Hi,

Neil Jerram <neil@ossau.uklinux.net> writes:

> Yes; based on Kevin's and Ludovic's latest emails, I'm happy now with
> the isalpha() solution if we can make it leverage this "i18n"
> classification.

Below is a patch that does what we agreed on: keep using the <ctype.h>
functions for character classification, and recompute the standard
SRFI-14 char sets upon successful `setlocale'.  It also makes char set
computation more efficient and fixes `char-set:punctuation' and
`char-set:symbol' in ASCII.

There are still issues.  The bug in `char-set:punctuation' and
`char-set:symbol' I mention above is due to the fact that there is not
<ctype.h> equivalent to those char sets (in particular, `ispunct ()'
does not match `char-set:punctuation').  Fixing it for ASCII was easy,
but it's not so easy for Latin-1.

The reason we can hardly get `char-set:punctuation' and
`char-set:symbol' for Latin-1 is that we don't want to hard-code too
much Latin-1-specific knowledge: one goal is to have SRFI-14 provide
also sensible results for non-Latin-1 8-bit charsets.

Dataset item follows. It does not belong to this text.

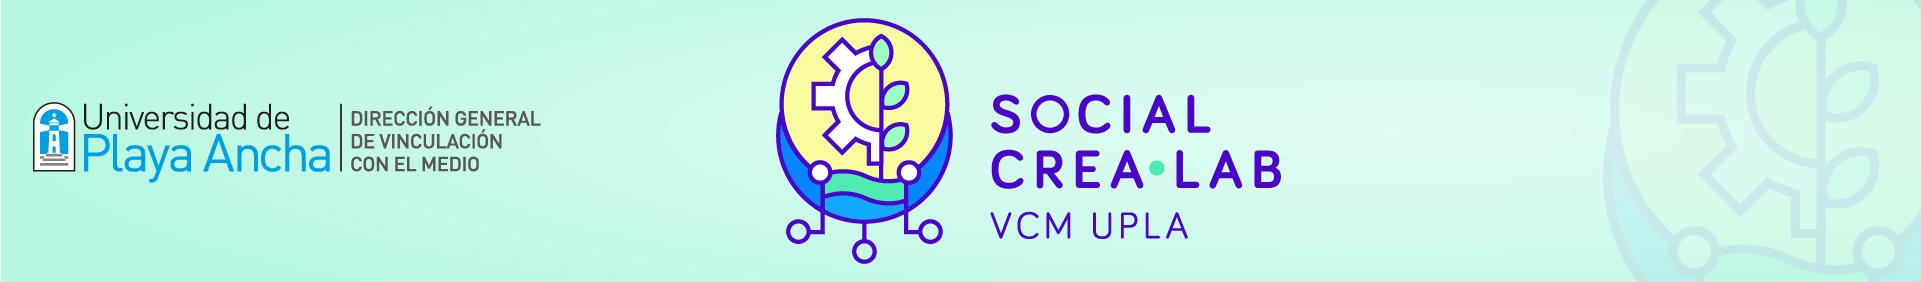 Fondos concursables VcM UPLA 2021 - Social CreaLab

With this patch, all standard char sets are those expected by SRFI-14 in
ASCII.  In Latin-1, `char-set:letter', as well as `lower-case',
`upper-case', and `iso-control' are correct (at least, using current
glibc locales), but `punctuation', for instance, is a superset of what
SRFI-14 expects while `symbol' is (correspondingly) a subset of what it
should be, and `blank' lacks the "no-break space" character (#\0240).

I'm not sure we can do much better than that until Guile fully supports
Unicode.  The right solution, in the end, would be to process the whole
`UnicodeData.txt' and generate a character classification strictly
following the SRFI-14 rules.  In the meantime, I think this patch can be
an acceptable solution.

I'd be glad if some of you could test it, and especially run the test
cases.  I added Latin-1-specific test cases, but they require that a
Latin-1 locale is available, and it will try to guess what that can be
(yes, it looks quite hackish but I couldn't think of anything
better...).

Comments welcome.

Thanks,
Ludovic.